At the time of Bush’s installation by the right-wing Supreme Court majority, which halted the counting of votes in Florida to ensure the accession of the Republican candidate, the Times was not so reticent. On the contrary, it endorsed the ruling and opposed any questioning of the legitimacy of the new administration.

In an editorial published December 13, 2000, one day after the Supreme Court ruling, it urged the American people to “respect the authority of the ruling and the legitimacy of the new presidency whether or not they agree with the court’s legal reasoning....Mr. Bush’s title to the office comes through the electoral count and through appropriate legal procedures that settled in his favor the official result of a messy Florida election.”

This set the tone for the next four years. During the first nine months of the administration, the newspaper sought to minimize the far-reaching character of Bush’s right-wing agenda, while going to great lengths to portray the semi-literate front-man for the most reactionary sections of the American ruling elite in the best possible light.

Two weeks into the Bush presidency, for example, the Times downplayed the significance of Ashcroft’s nomination as the country’s chief law enforcement official. In a February 2, 2001 editorial, the newspaper noted: “Mr. Ashcroft pledged at his [confirmation] hearings not to let his views interfere with his sworn duty to uphold the law and run the department in an unbiased way.” The editorial went on to express the hope that he would keep his word.
Following the attacks of September 11, 2001, the newspaper intensified its efforts to boost Bush’s public image (and politically disarm the American people), at times going to absurd lengths to promote the myth of Bush as a mature and sober leader.

There was, for example, the October 12, 2001 editorial that followed one of Bush’s rare press conferences. At the news conference, held to outline the rationale for the war launched a few days before against Afghanistan, Bush gave a typically incoherent performance, riddled with contradictions and lies. The basic content, however, was ominously clear: Bush declared the attack on Afghanistan “the first battle in the war of the twenty-first century.”

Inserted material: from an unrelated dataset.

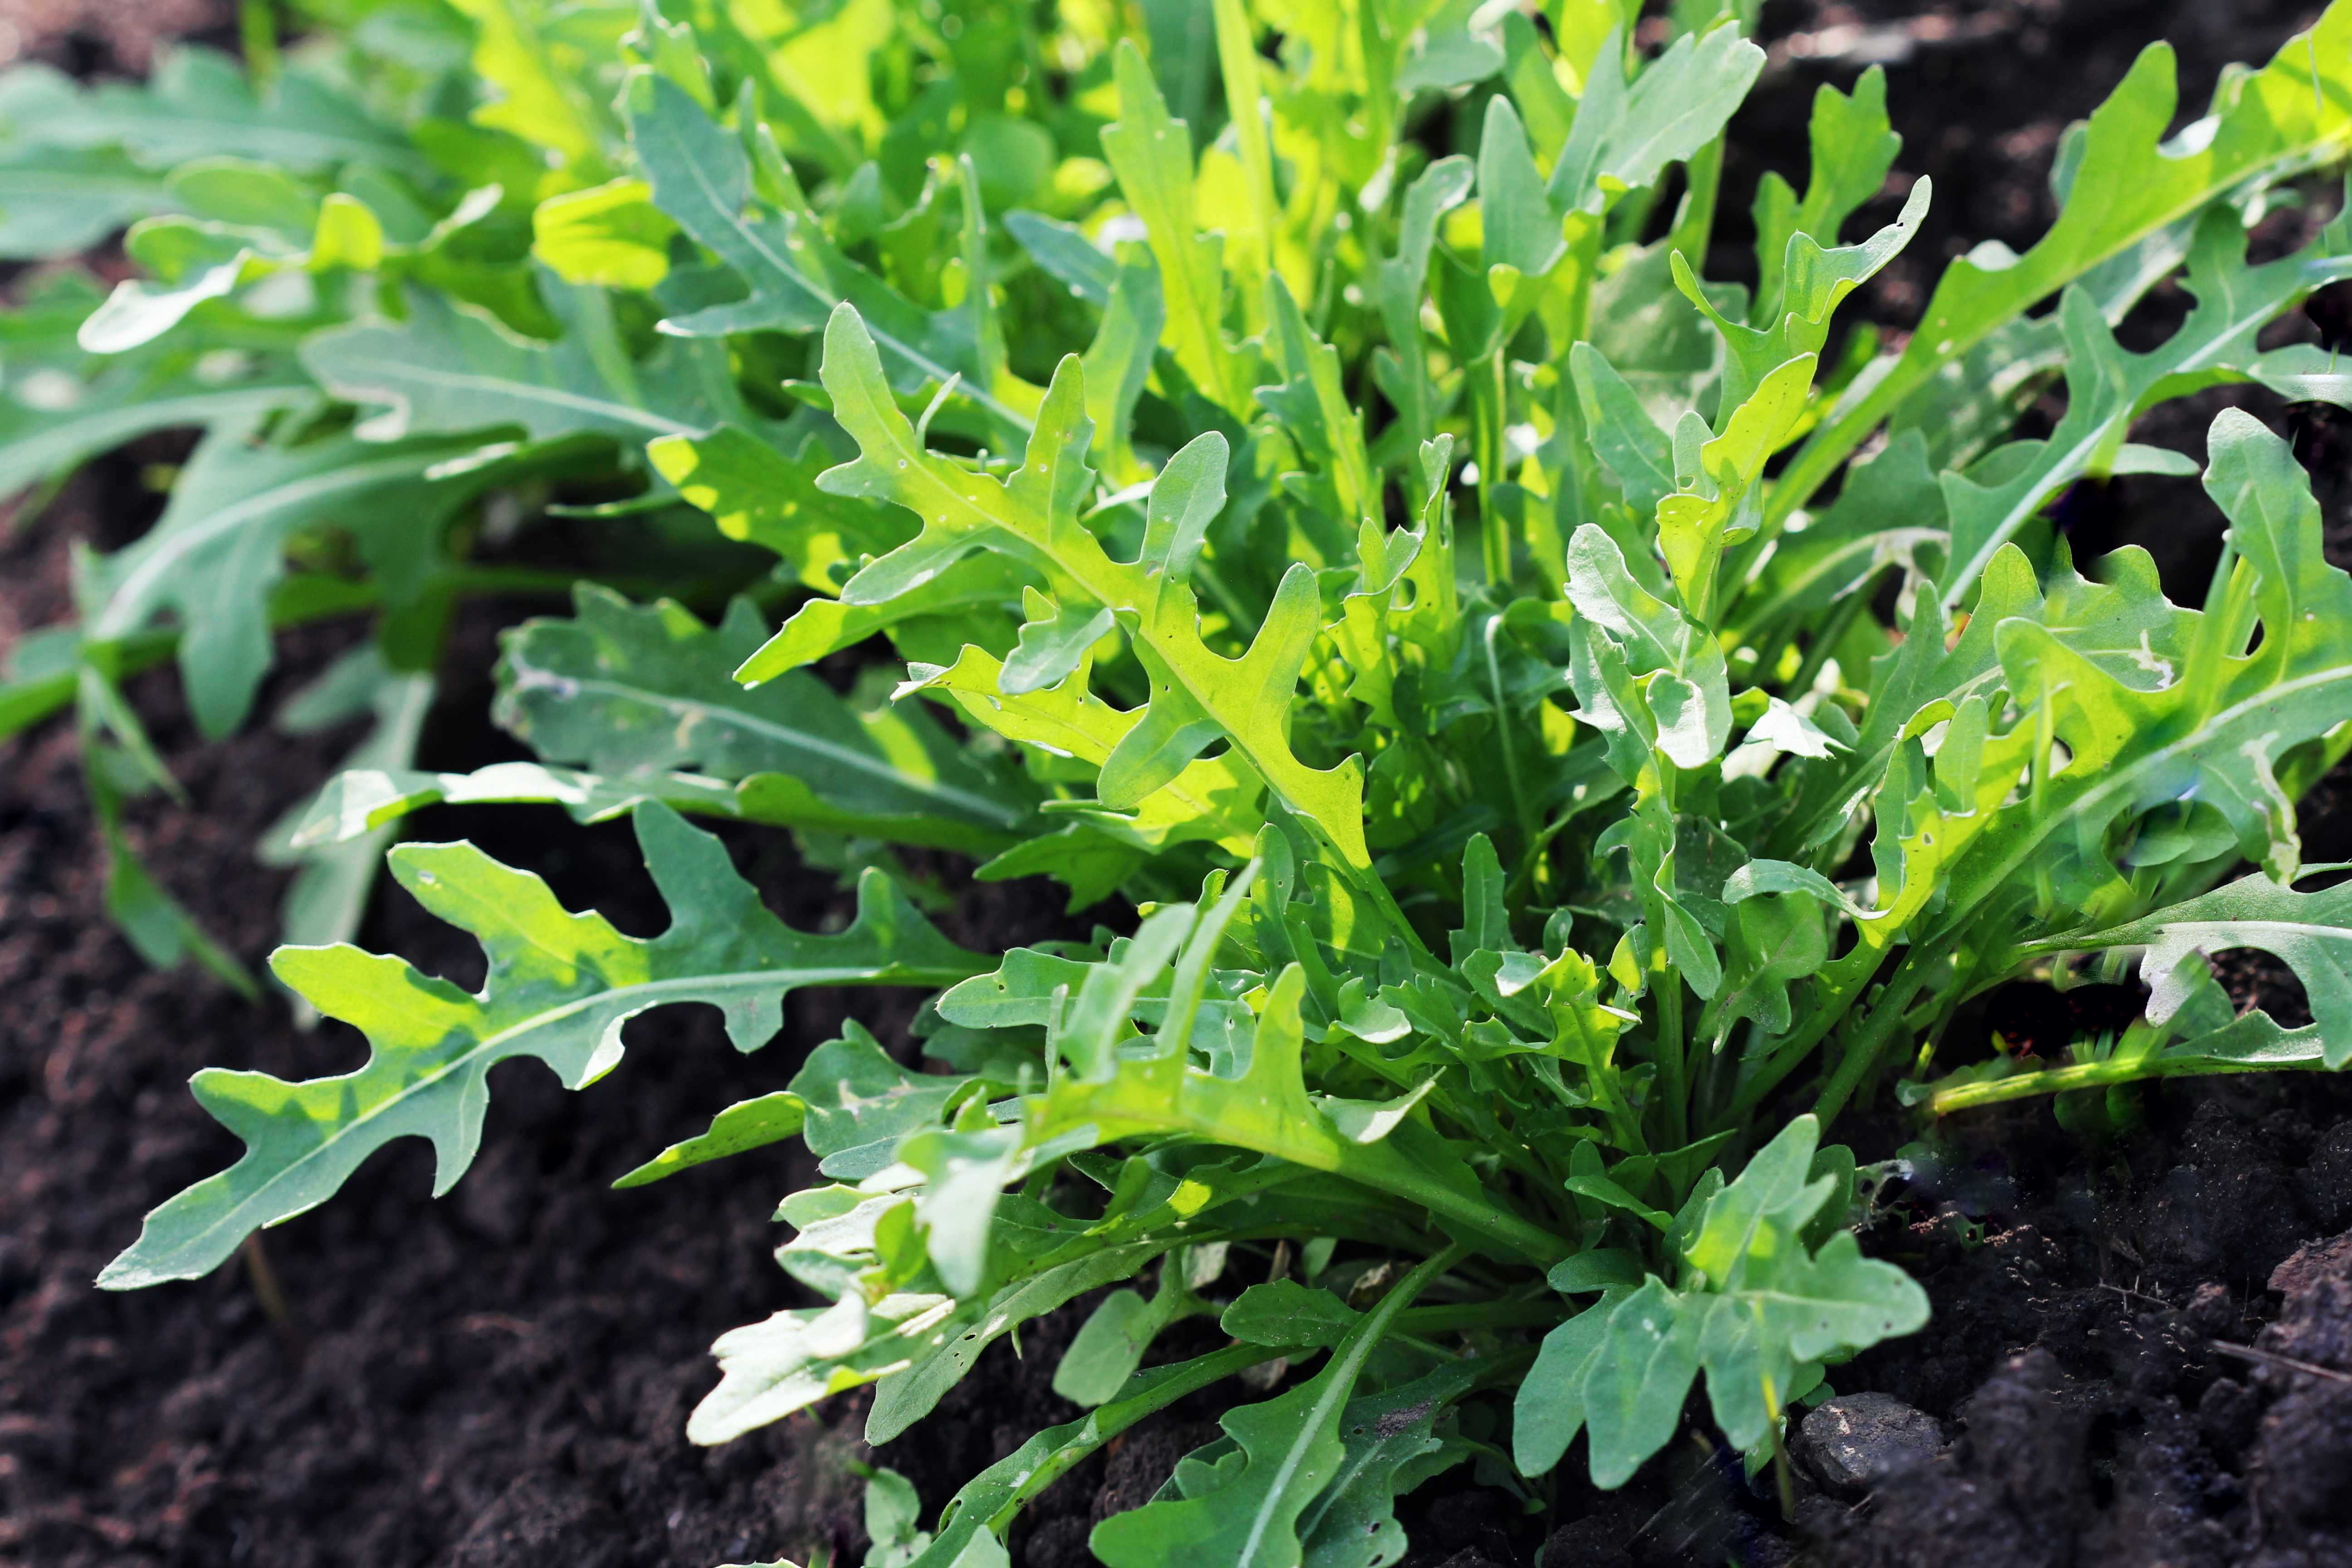 La roquette est une plante herbacée annuelle excellente en salade ou en aromate, appréciée par les chefs de cuisine pour son goût piquant et poivré. Copyright (c) 2017 vaivirga/Shutterstock.
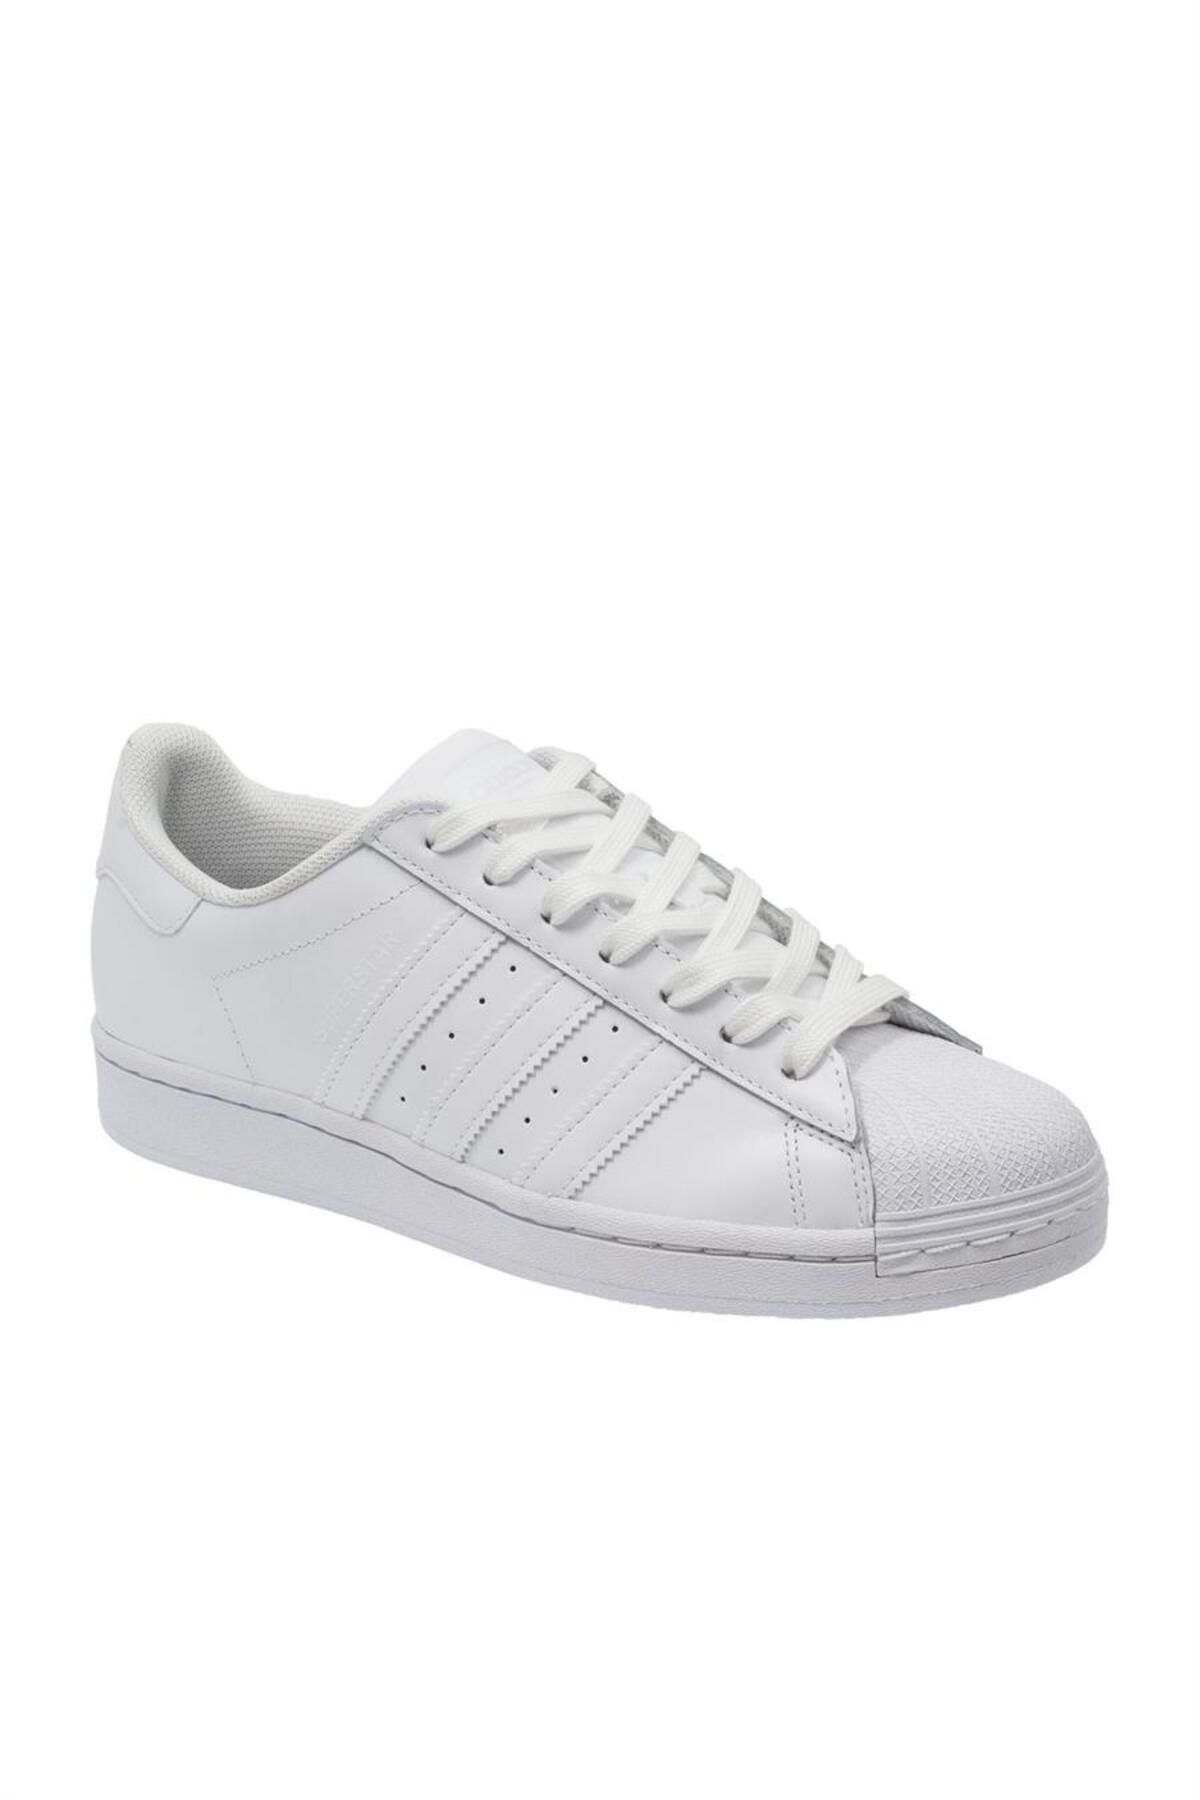 Eg4960-k Superstar Women's Sports Shoes White

Here is what the Times had to say in its editorial, headlined “Mr. Bush’s New Gravitas.” The president, the Times wrote, “seemed confident, determined, sure of his purpose and in full command of the complex array of political and military challenges that he faces in the wake of the terrible terrorist attacks of Sept. 11. It was a reassuring performance that should give comfort to an uneasy nation...[Bush] seemed to be a president whom the nation could follow in these difficult times...He was at once firm in his resolve to protect the nation and fatherly in his calm advice to get on with the life of the country as much as people can.”

The Times, of course, knew better. This was the same George Bush whom it now denounces as a liar and incompetent. But the newspaper, which fully supported the “war on terror” and its first installment, the invasion of Afghanistan, was not about to level with the American people, any more than the administration it was covering up for.

One could cite many more editorial testimonials for Bush, including pieces supporting Homeland Security terror alerts issued without any substantiation, and commentaries inveighing against “partisan” exploitation of Bush’s long-standing ties to Enron boss Kenneth Lay. Meanwhile, on its news pages, the newspaper systematically promoted the lies that were used to justify the invasion of Iraq. (See
“The New York Times and the road to war”.)

This policy of concealment and cover-up has continued up to the present. When Newsweek reported this summer that the administration was developing contingency plans to cancel the elections in the event of a terrorist attack, the Times first ignored and then dismissed (in a July 17 editorial) the enormous threat to democratic rights that these plans represented.
In light of this record, the Times’ October 17 indictment of the Bush administration constitutes a self-indictment—one that extends to the Democratic Party and the entire “liberal” establishment.